Sidle memory issues: version update hasn’t worked

andresarroyo · April 19, 2023, 3:52pm

I am using q2-sidle with 6 V regions and I am experiencing memory problems with the qiime sidle reconstruct-database. They are similar to the ones that @Circle commented in both topics (file attached here).

I installed q2-sidle using the commands provided in the official docs:

conda install dask
conda install -c conda-forge -c bioconda -c qiime2 -c defaults xmltodict
pip install git+https://github.com/bokulich-lab/RESCRIPt.git
pip install git+https://github.com/jwdebelius/q2-sidle
qiime dev refresh-cache

When I check the q2-slide version, it is "2020.08". I have read that there is an updated version with improvements. Where and how can I download it?

Thanks

jwdebelius · April 19, 2023, 5:05pm

Hio @andresarroyo,

I think you need to install the "main" branch, rather than the 2020.8 branch as I mentioned above. I think if you install

pip install git+https://github.com/jwdebelius/q2-sidle@main

it might work better.

There's also a v0.1-beta that's the most recent release on Github which I think may have the memory update.

Could you also help me with the list of comamnds?

qiime sidle --help

Thanks,
Justine

andresarroyo · April 21, 2023, 11:47am

Hi @jwdebelius,

Thank you so much for your message. I have tried it by installing both version (main and v.0.1.0-beta) and the problem persists.

I was worried because after installing qiime-sidle v.0.1.0-beta, I checked the version (qiime sidle --version) and it appears "2020.8". However when I checked the qiime packages versions via conda list, the correct version was installed.

You can see the full list of commands I obtain after install v.0.1.0-beta.

My laptop has a memory of 16G and a hard drive of 518 GB. I am working with VSCode and I restarted the kernel after q2-sidle new installation. In addition I have set a high number of workers (--p-n-workers) and I decreased the batch size (--p-block-size) until 100. The error appears after 1:30m running the task. I attach you the log file.

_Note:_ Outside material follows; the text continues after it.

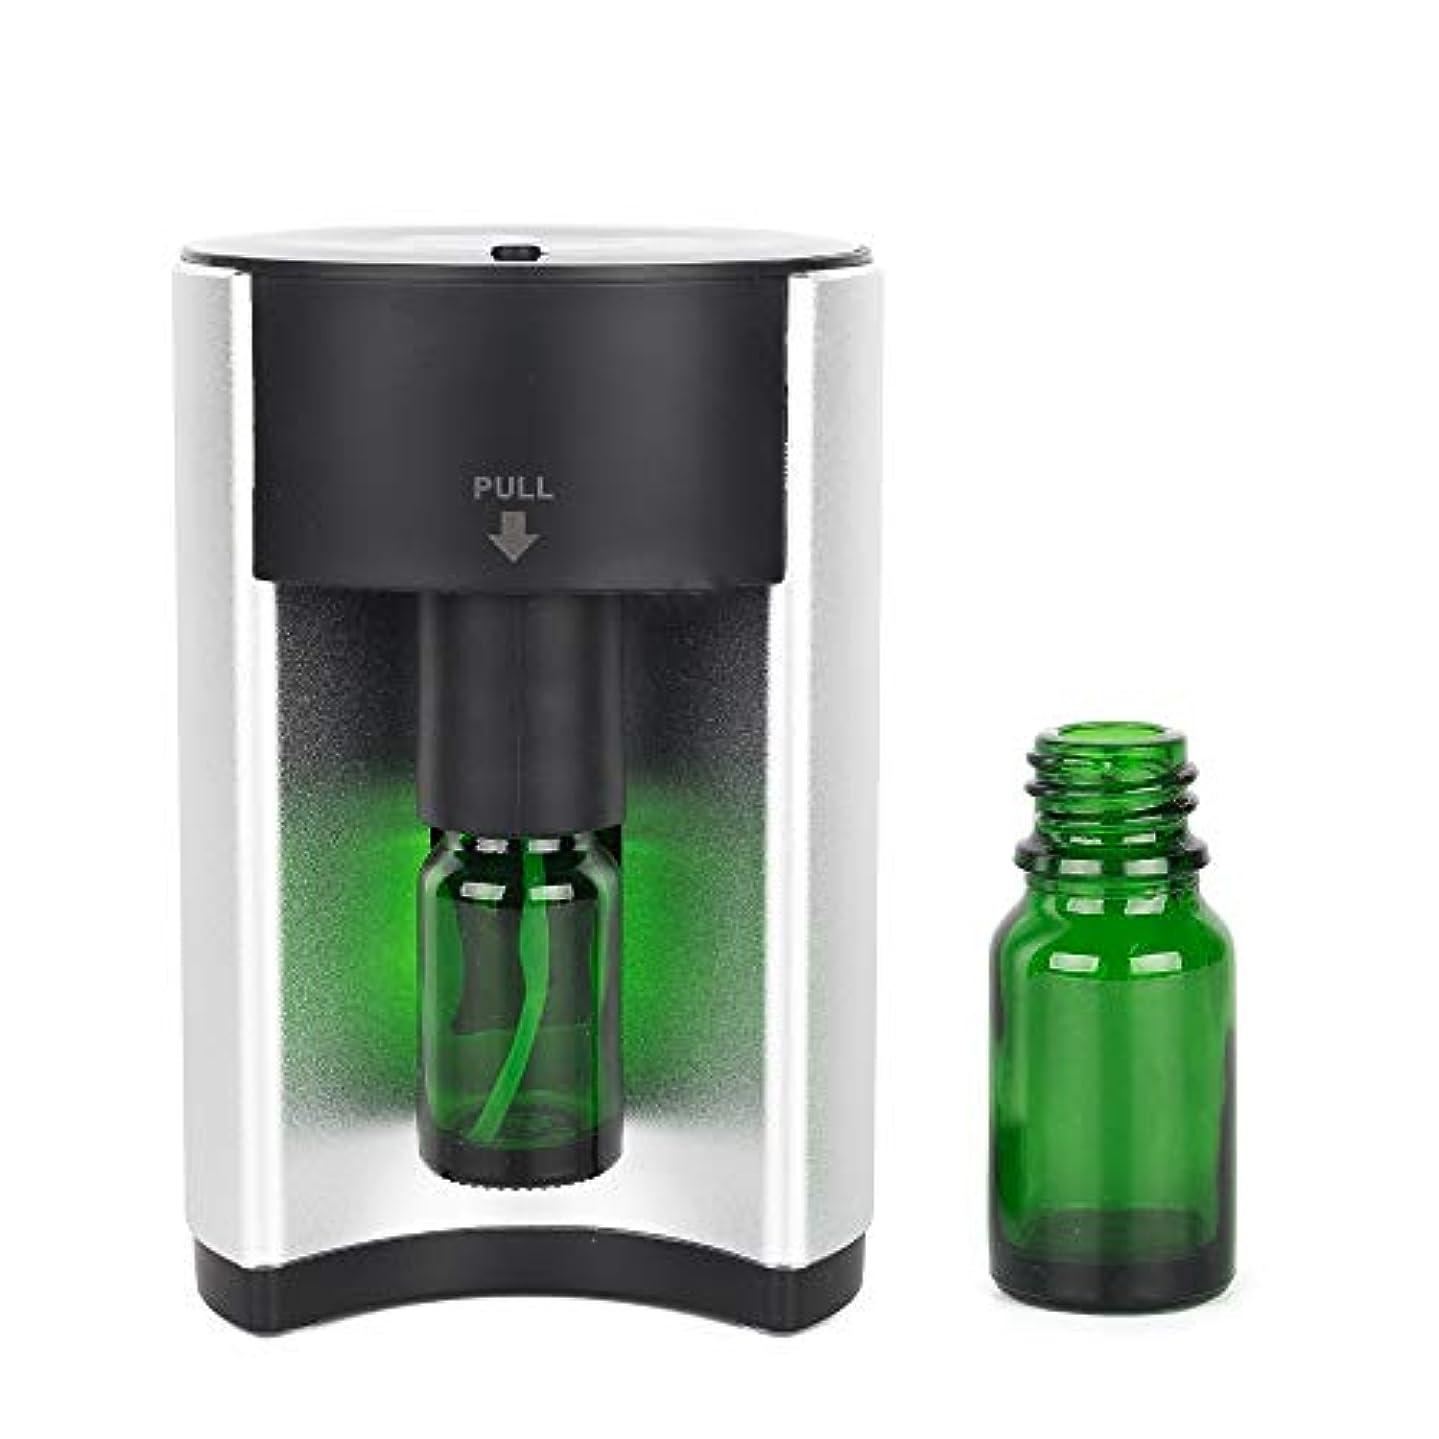 オアシス髄背が高いアロマディフューザー アロマ 芳香器 (GT-SH-S1)アロマオイル ネブライザー式 アロマポット usb コンセント 小型 香り おしゃれ 可愛い シンプル 軽量 卓上 シンプル スマート 水を使わない オイル別売り

I would like to finish the analysis with q2-sidle. What alternatives could I use?

Andrés

qiime2-q2cli-err-8xn5dpzm.txt (36.7 KB)

jwdebelius · April 21, 2023, 3:47pm

Hi @andresarroyo,

I split this into a new topic to help keep things staright since it looks like there might be a slightly different issue.

It looks like you have the correct version, so that’s good. Again, I’m sorry updates have been slow.

I developed this on a laptop with similar specs, and generally have done okay after the re-factor. I tended to run with no more than 4 threads (4GB each). It looks like, based on the error, you're allocating about half of that. I think in extreme cases, I've dropped to 2 threads (8GB each).

I found working in Jupyter lab with the dask jupyter widget helpful to trouble shoot memory issues. I'm not sure if there's a similar feature for VSCode, you could check the dask documentation. Sidle is set up to allow you to pass a dask server rather than creating one by default, so you can do your own custom configuration.

Some other things to consider might be trimming your database a little bit more stringently. For example, you might think about dropping from 5 degenerates (default in RESCRIPt) to 3, as recommended in the original SMURF paper.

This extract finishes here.